First of all, if $a_n:=\sqrt{n+1/4}{2n\choose n}4^{-n}$ and $b_n:=\sqrt{n+1/2}{2n\choose n}4^{-n}$, we may check that $a_n\leqslant b_n$, $a_n$ increases and $b_n$ decreases, thus $a_n$, $b_n$ have a common positive finite limit which we denote $\alpha$, and $a_n\leqslant \alpha\leqslant b_n$. Since $b_n/a_n=1+O(1/n)$, we get $a_n=\alpha+O(1/n)$, and also $c_n=\alpha+O(1/n)$ where $c_n:=\sqrt{n}{2n\choose n}4^{-n}$.

We should prove that $\alpha=1/\sqrt{\pi}$.

Use the combinatorial identity $$4^{-n}\sum_{k=0}^n k{2k\choose k}(n-k){2(n-k)\choose n-k}=\frac{n(n-1)}8.\quad (\heartsuit)$$ LHS of $(\heartsuit)$ equals $$ \sum_{k=0}^n \sqrt{k(n-k)}c_kc_{n-k}=\sum_{k=0}^n \sqrt{k(n-k)}\left(\alpha^2+O\left(\frac1k+\frac1{n-k}\right)\right)\\=\alpha^2\sum_{k=0}^n\sqrt{k(n-k)}+O\left(n\sum_{k=0}^n\frac1{\sqrt{k(n-k)}}\right)=\alpha^2\cdot \frac{\pi n^2}8+o(n^2), $$ since the union of rectangles $[k,k+1]\times [0,\sqrt{k(n-k)}]$ approximates the upper semi-circle with the horizontal diameter $[0,n]$.

Thus $\alpha^2\pi/8=1/8$ and $\alpha=1/\sqrt{\pi}$.

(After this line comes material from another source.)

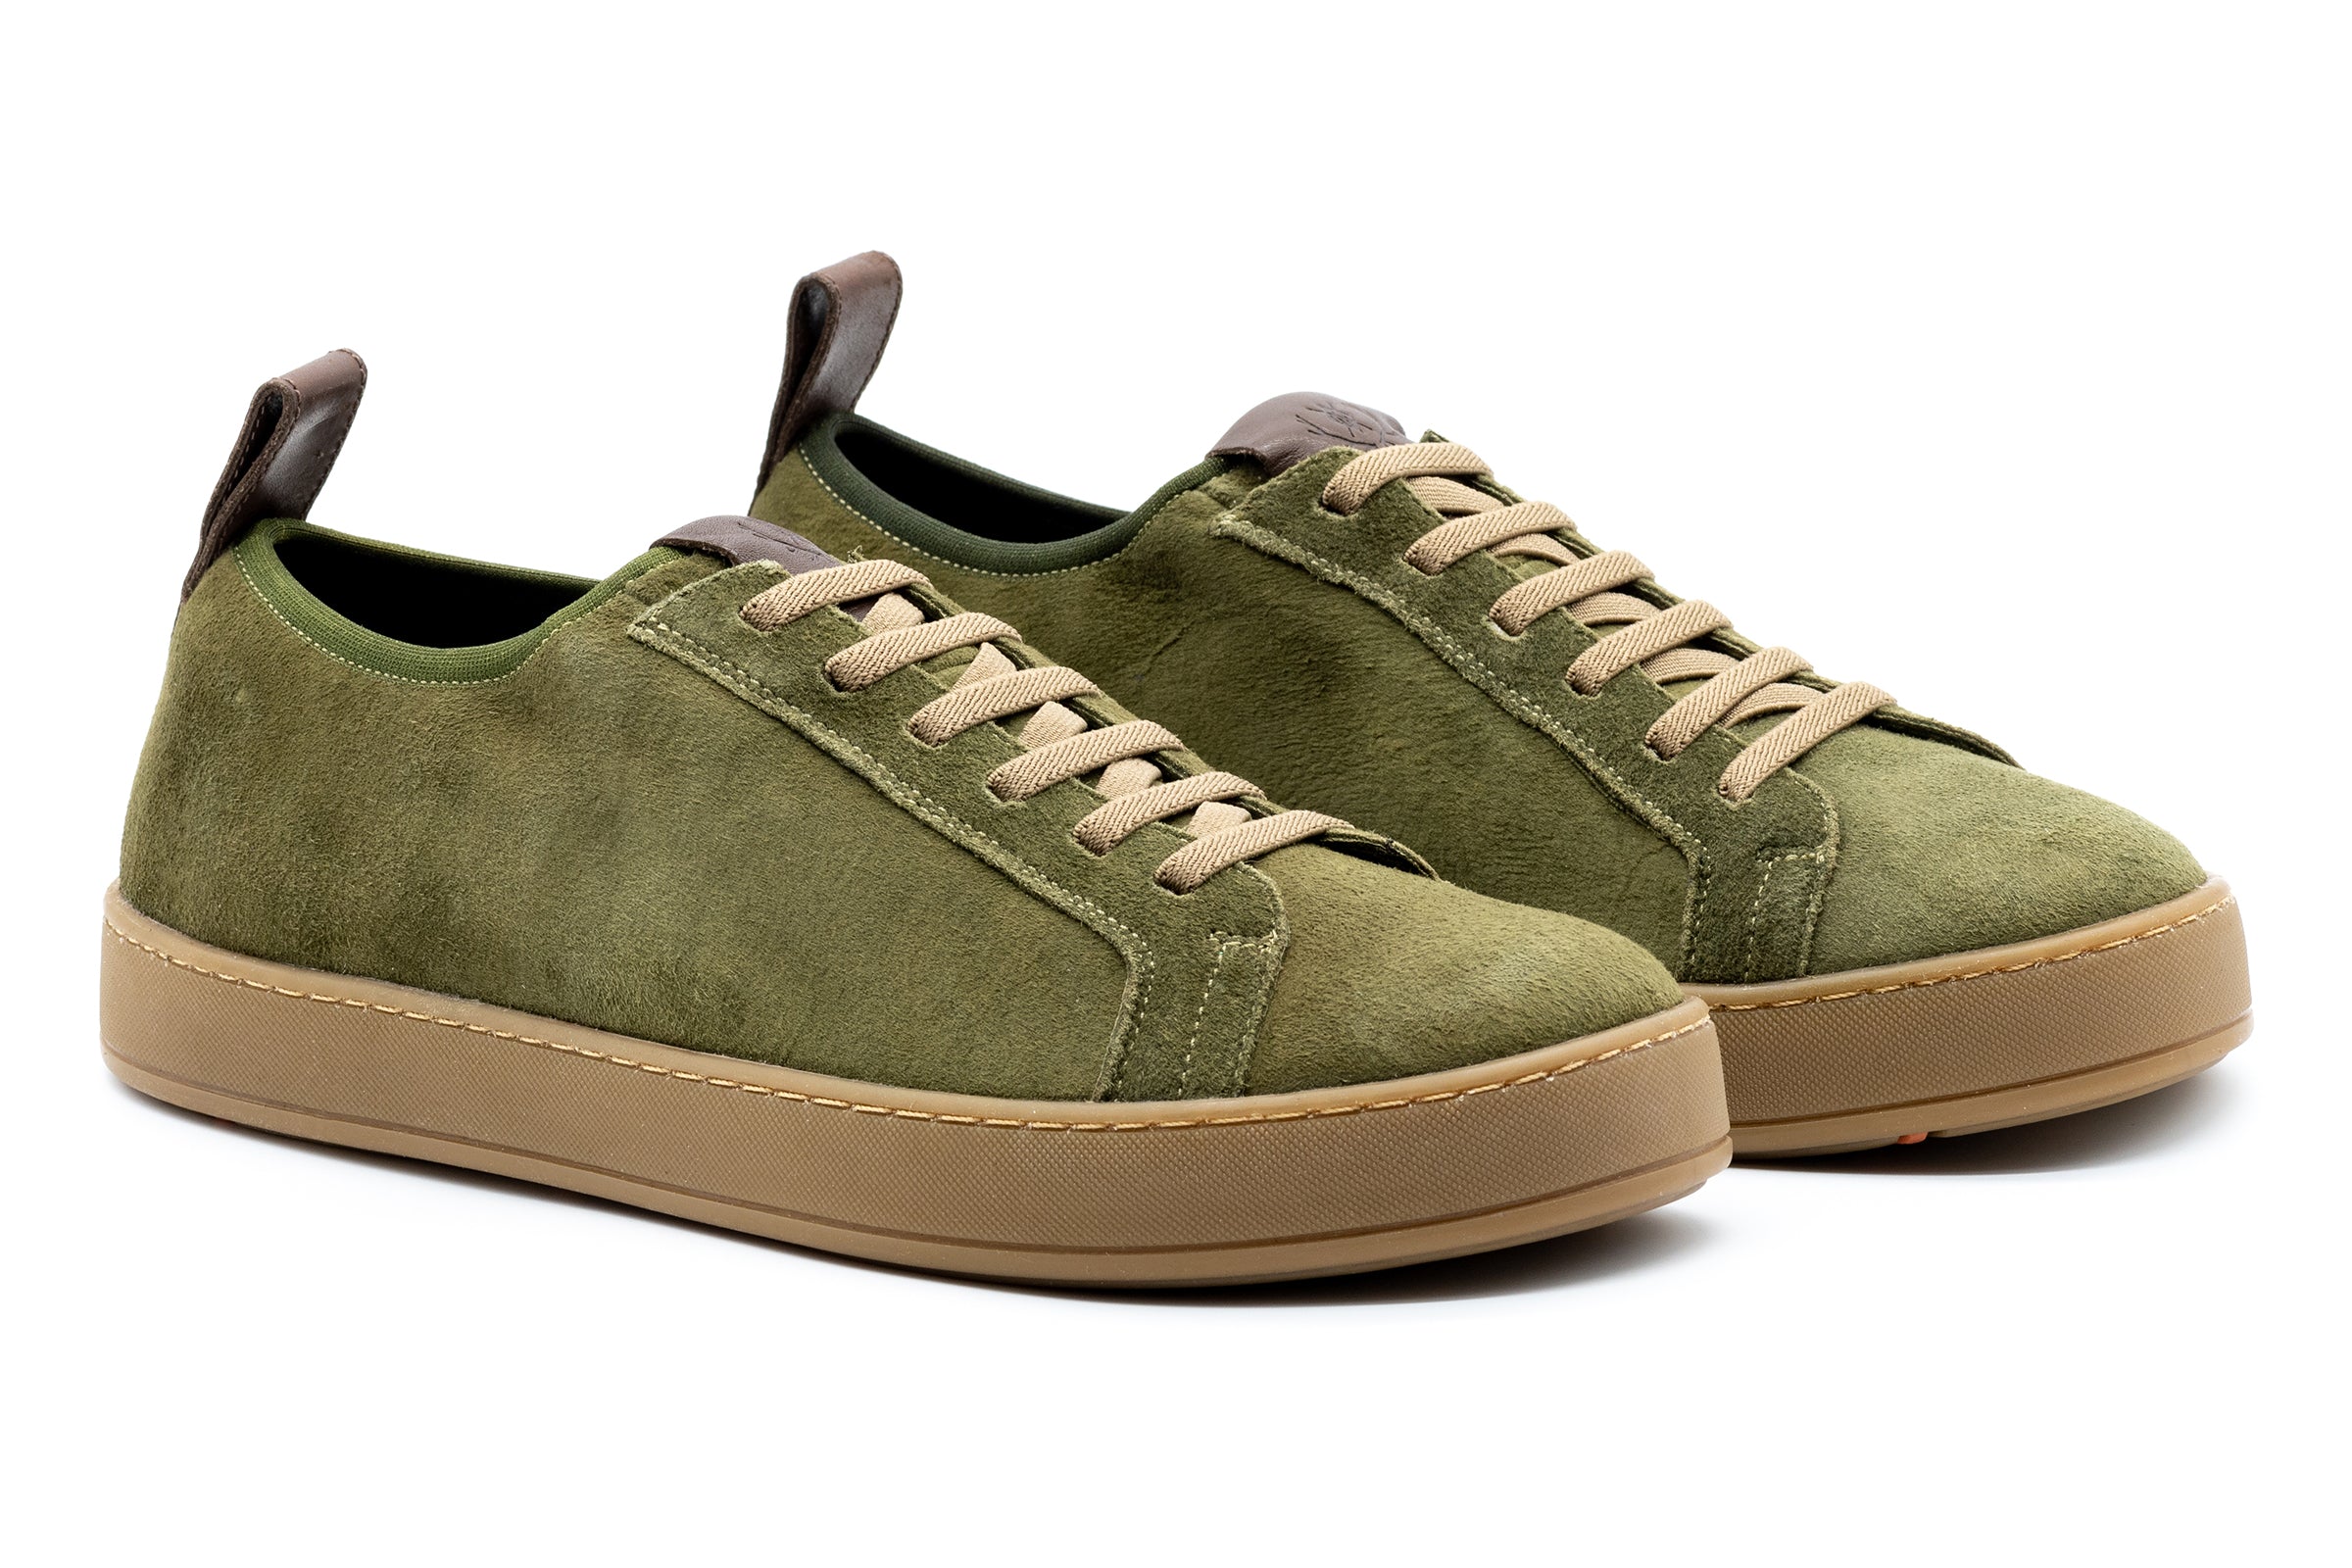 MD Signature Sheep Skin Suede Sneakers - Sage

You could use instead of $(\heartsuit)$ the more famous identity $$ 4^{-n}\sum_{k=0}^n {2k\choose k}{2(n-k)\choose n-k}=1 $$ this gives $\alpha^2\int_0^1\frac{dx}{\sqrt{x(1-x)}}=1$ (the integral equals $\pi$ of course, but this is less "elementary" then the area of a circle.)

This argument is similar to J. Wästlund's (An elementary proof of Wallis' product formula for $\pi$, 2007).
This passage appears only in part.